A glimpse into Sinovac's COVID-19 vaccine work

2021-01-18 13:14:20China Daily Editor : Li Yan ECNS App Download
Special: Battle Against Novel Coronavirus

Workers arrange vaccine packages at a Sinovac COVID-19 vaccine workshop in Beijing earlier this month. (ZHANG YUWEI/XINHUA)

About 500 million doses of the CoronaVac vaccine developed by Beijing-based Sinovac Life Sciences can be produced each year in the capital's southern suburbs.

"The production line for the second phase of our vaccine solutions will be put into operation in February, with a projected annual production capacity of more than 1 billion doses," said Yin Weidong, CEO of Sinovac Biotech, which has a majority stake in the vaccine producer.

On Dec 15, China officially launched its COVID-19 vaccination program for the winter-spring period, targeting a number of key groups, including those engaged in handling imported cold-chain products, customs officers, medical workers and people working in the public transport sector and fresh food markets.

Over 10 million doses have already been administered in China, according to the country's health authorities.

Since the company's vaccine workshops began operating in August, workers and machines have been working around the clock to ensure domestic vaccine supply and help uphold China's commitment to making its self-developed vaccines a global public good, Yin said.

From cell culture to packaging, a dose of vaccine can be produced in just 48 days. The company is now churning out about 400,000 doses a day for domestic needs.

In the company's workshops, automated equipment can be seen everywhere, and it's all for the safety of workers as it helps minimize direct human contact with the vaccine ingredients.

Inactivated COVID-19 virus is first purified and tested before it goes through proportioning into a semifinished product. In the filling workshop, staff equipped with special rubber gloves inspect the syringes and check for foreign matter in the pharmaceutical containers off the production line. Stringent sampling inspection is also conducted in the laboratories to ensure the syringes are fit for use.

"Our vaccine has very good stability as it met the national quality criteria after being kept at 25 C for 42 days or 37 C for 21 days," Yin said, adding that the doses could be stored at 2 C to 8 C for a very long time.
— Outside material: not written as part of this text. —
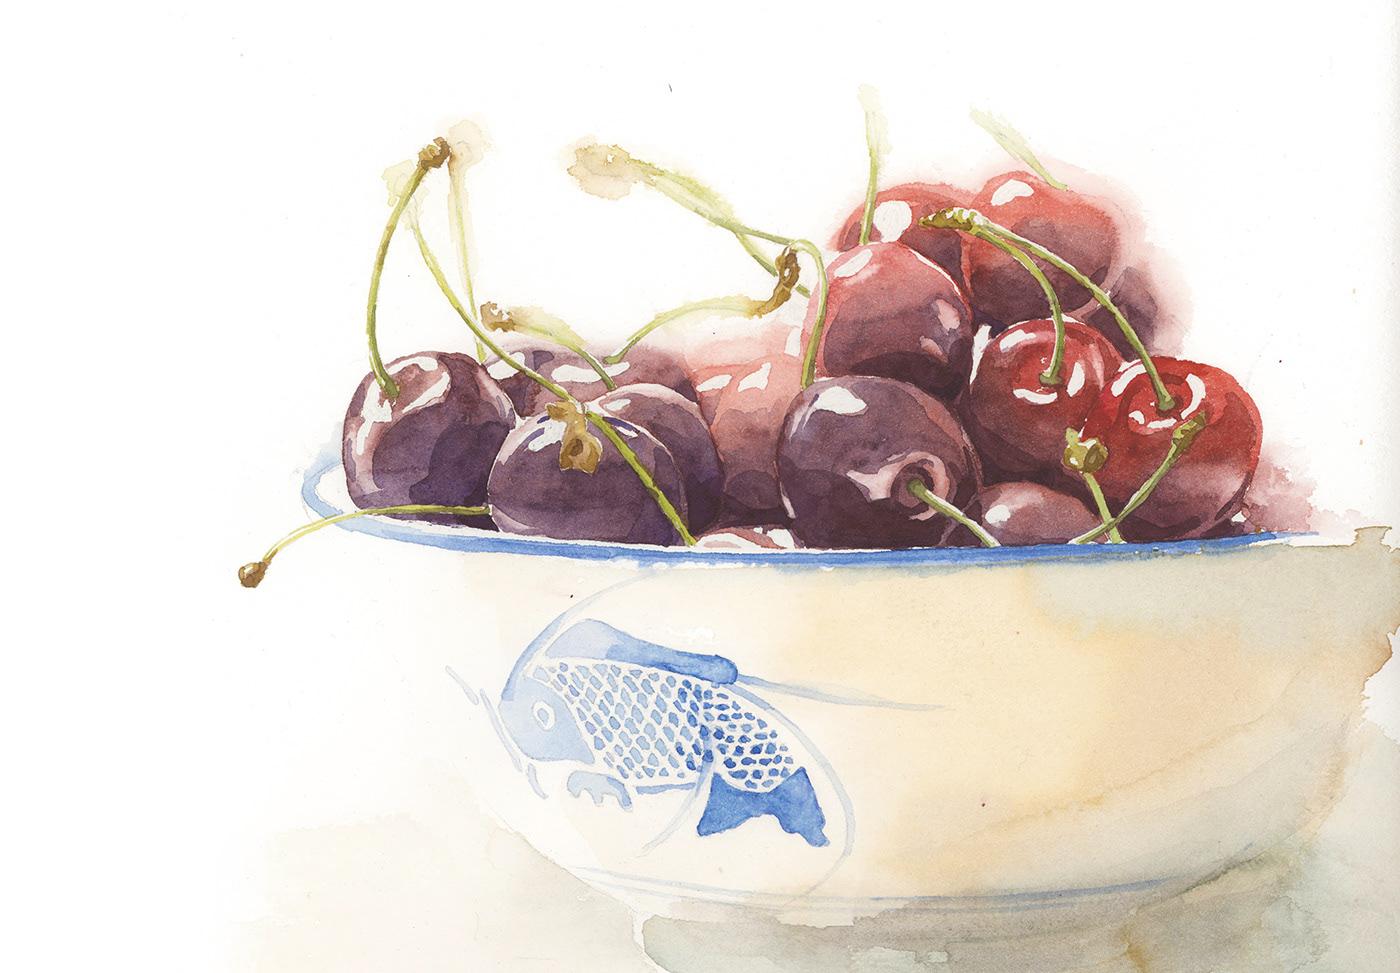 Image may contain: food and drawing

In fact, the current expiration date is three years.

Sinovac Life Sciences uses cold-chain vehicles to transport the vaccines to far-flung centers for disease control and prevention in China. The vaccines are packed in temperature-controlled boxes to be transported by air to other parts of the globe. Thermometric indicators monitor and record conditions during the entire process to ensure the safety and effectiveness of the vaccines.
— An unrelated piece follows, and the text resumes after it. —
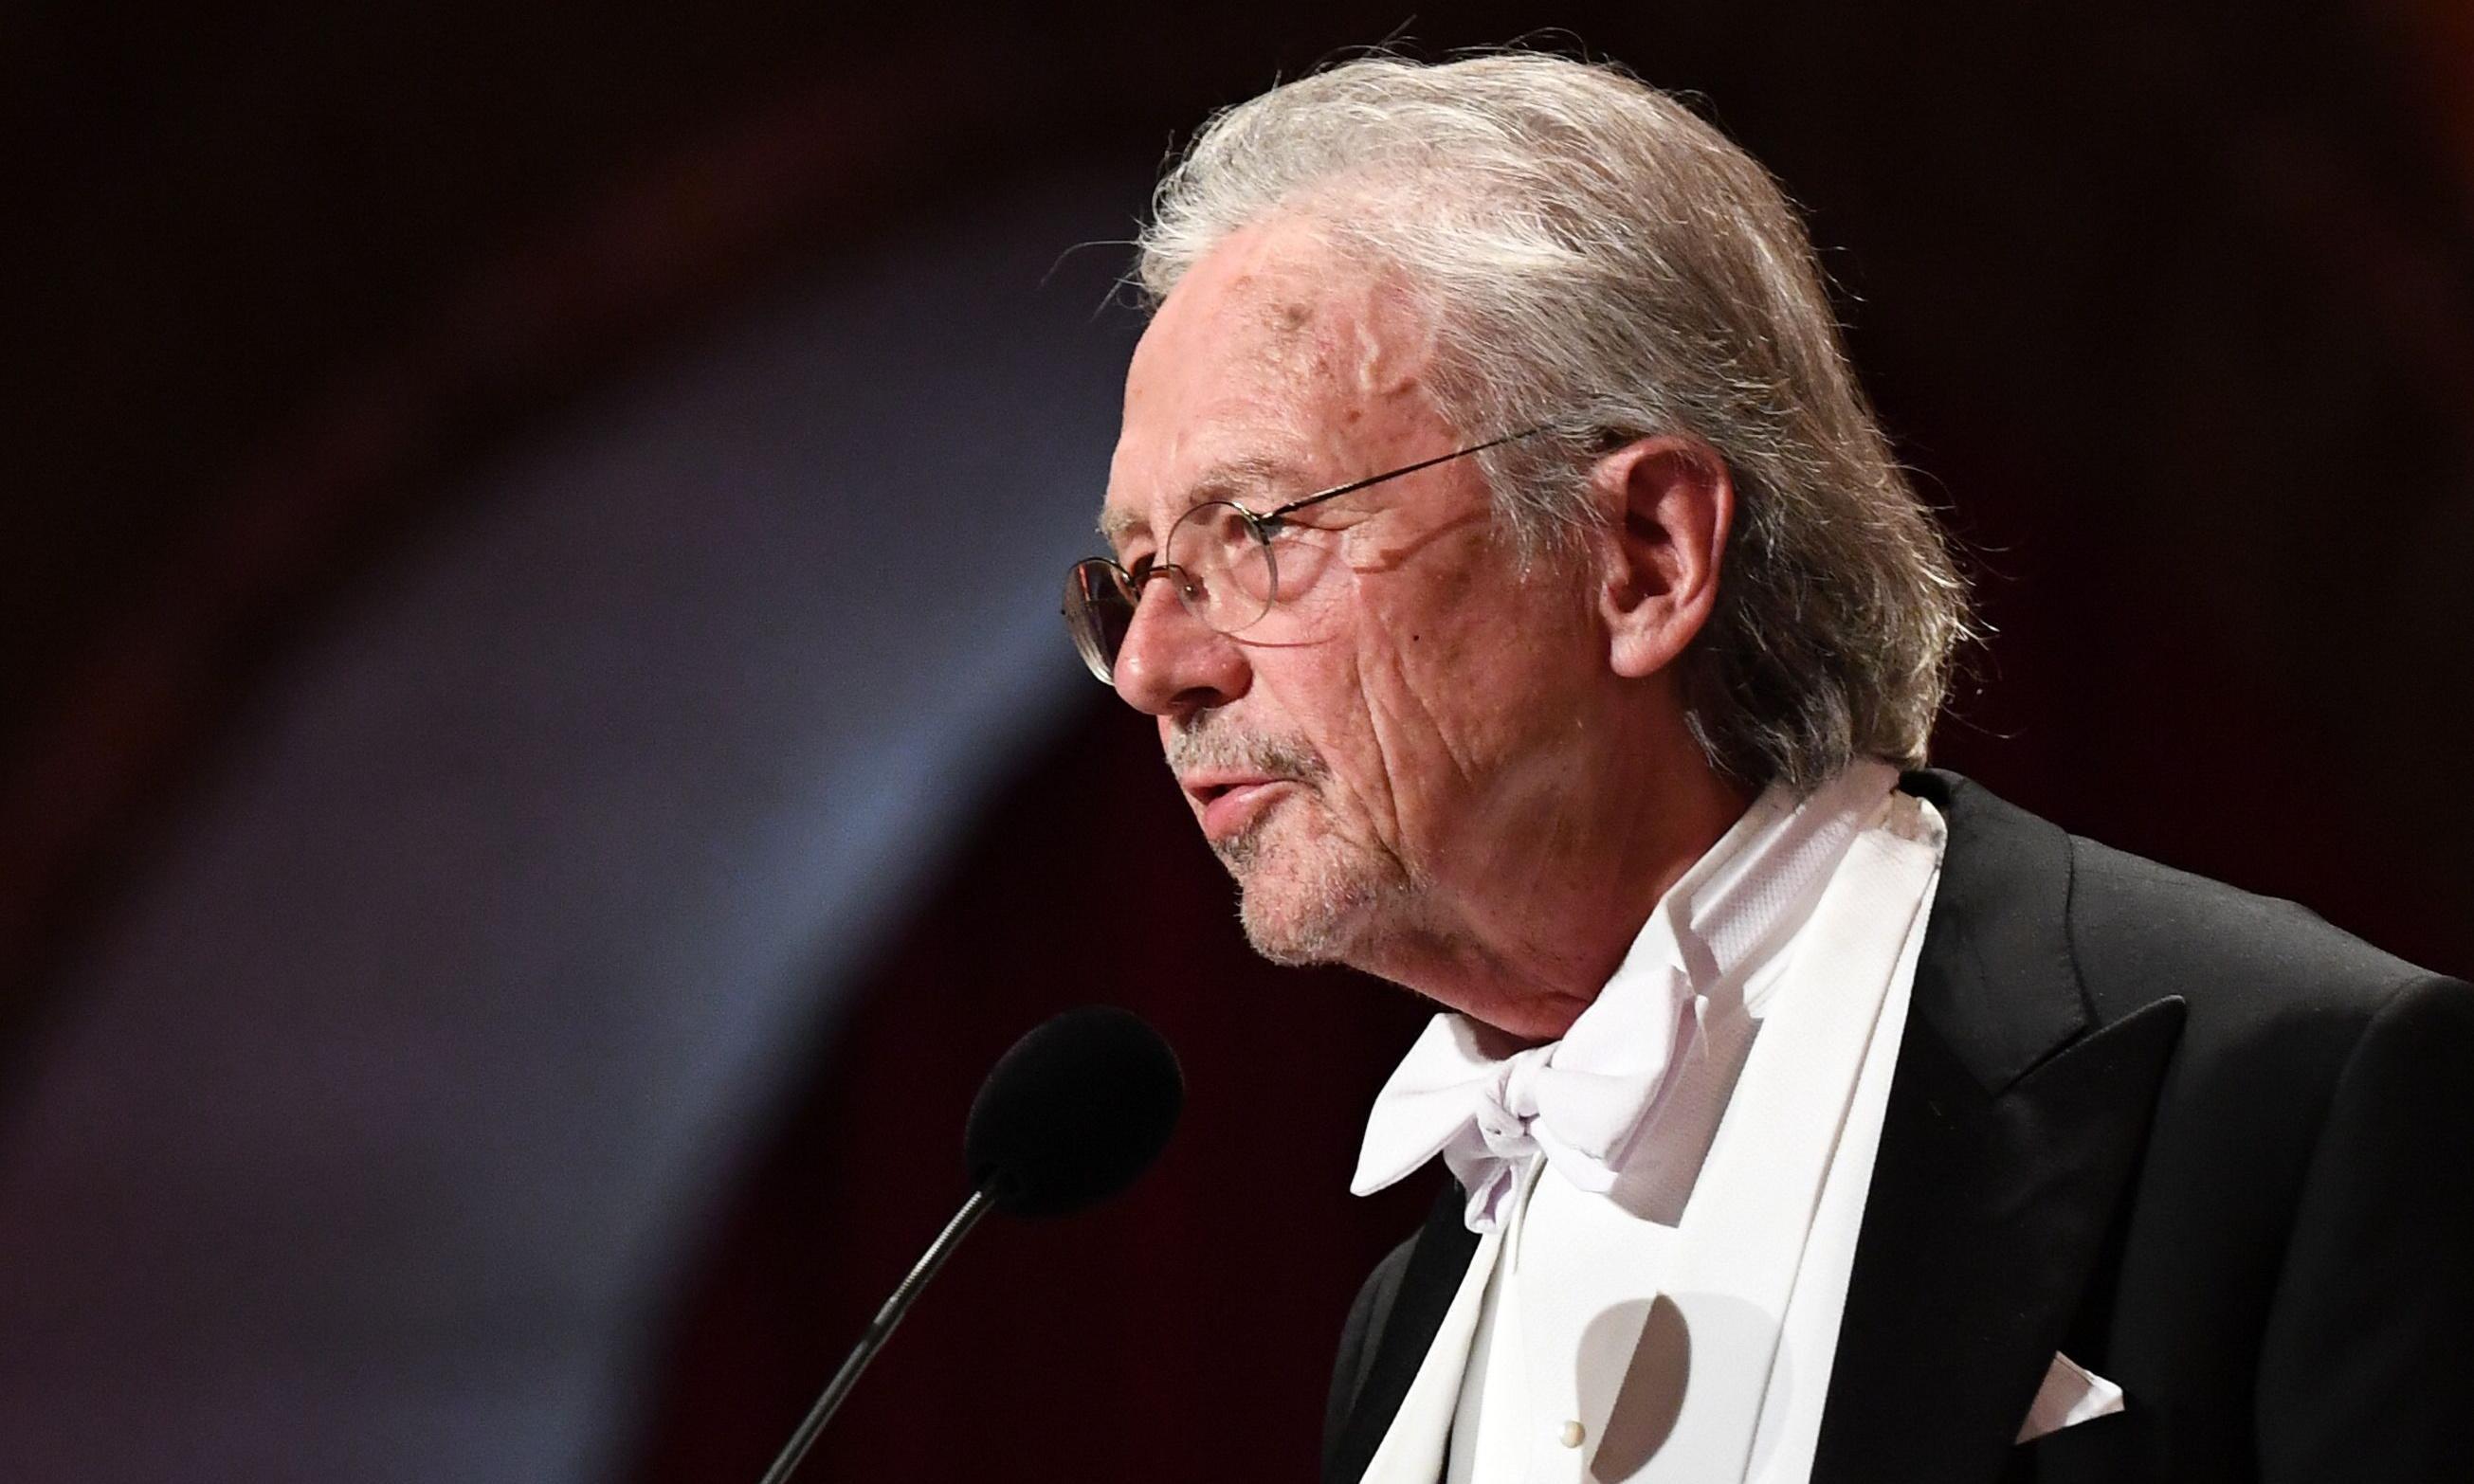 Kosovo declares Nobel laureate Peter Handke persona non grata

"Recipients can use designated software to read the recorded data to verify that the vaccine has indeed been kept between 2 C and 8 C," Yin said.

The vaccine producer recently shipped semifinished syringes, equivalent to 15 million doses, to Indonesia. China's vaccine enterprises have been urged to plan and increase production capacity and contribute to vaccine accessibility and affordability in developing countries.
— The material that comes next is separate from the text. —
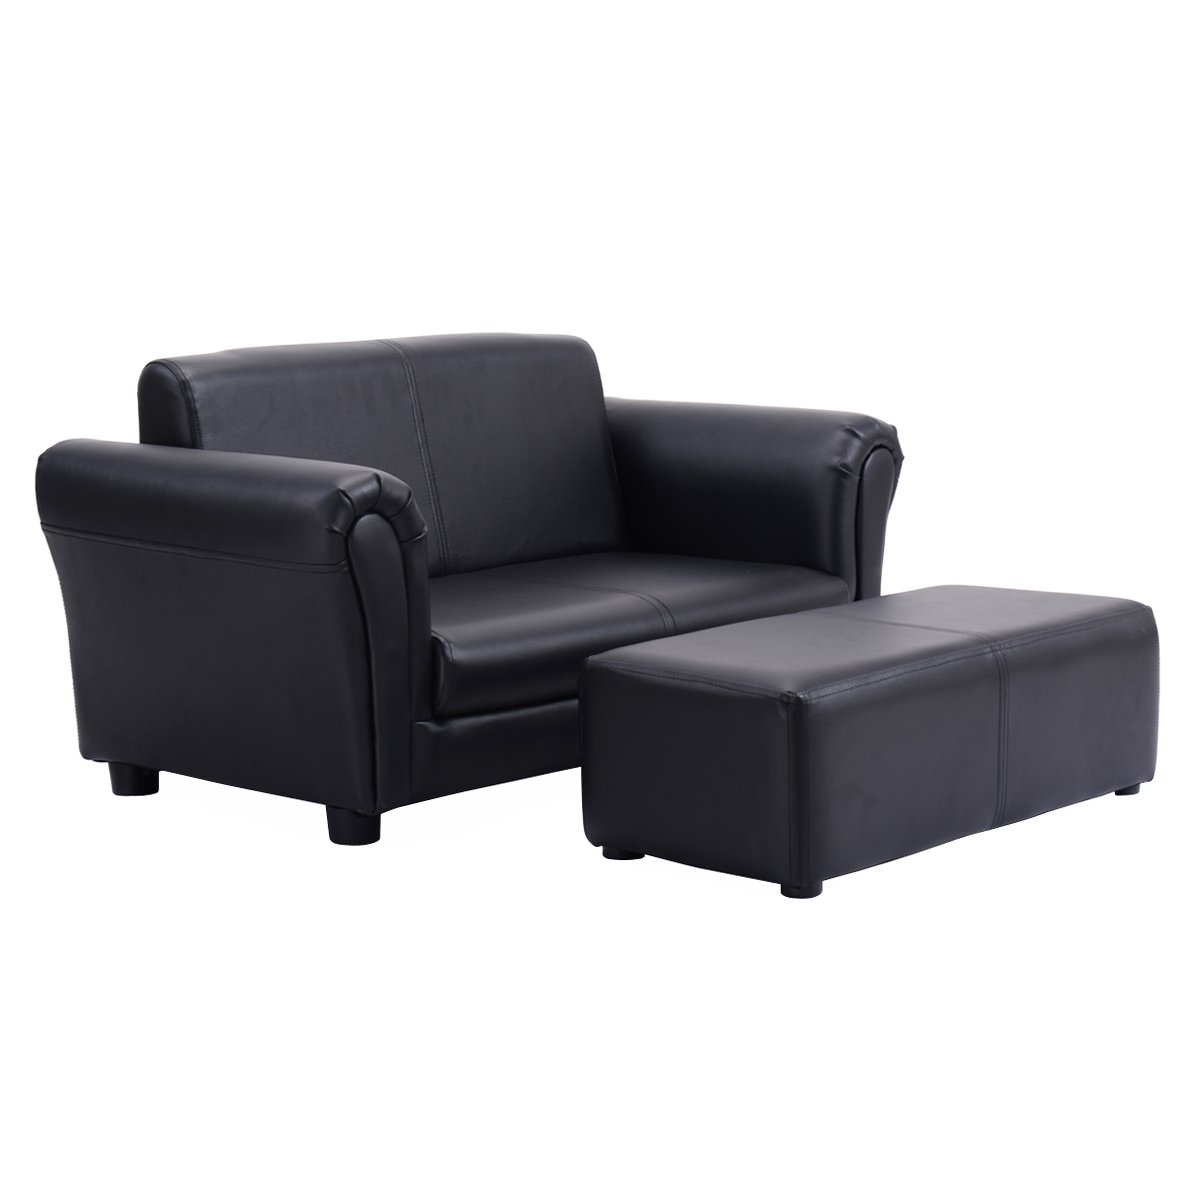 Amazon Com Keet Roundy Denim Children S Chair Sofa And

"Currently, our vaccines have been exported to countries including Brazil, Turkey and Indonesia," Yin said. "A part is exported as semifinished jabs and will be completed with the help of filling and packing lines set up overseas to boost global supply capacity."

China has announced that after its self-developed vaccines are approved and made available to the public, they will be offered free to Chinese people, who can receive inoculations on a voluntary, informed basis.

The cost of COVID-19 vaccinations, including the purchase of the vaccine and inoculation fees, will be covered by medical insurance and government funds.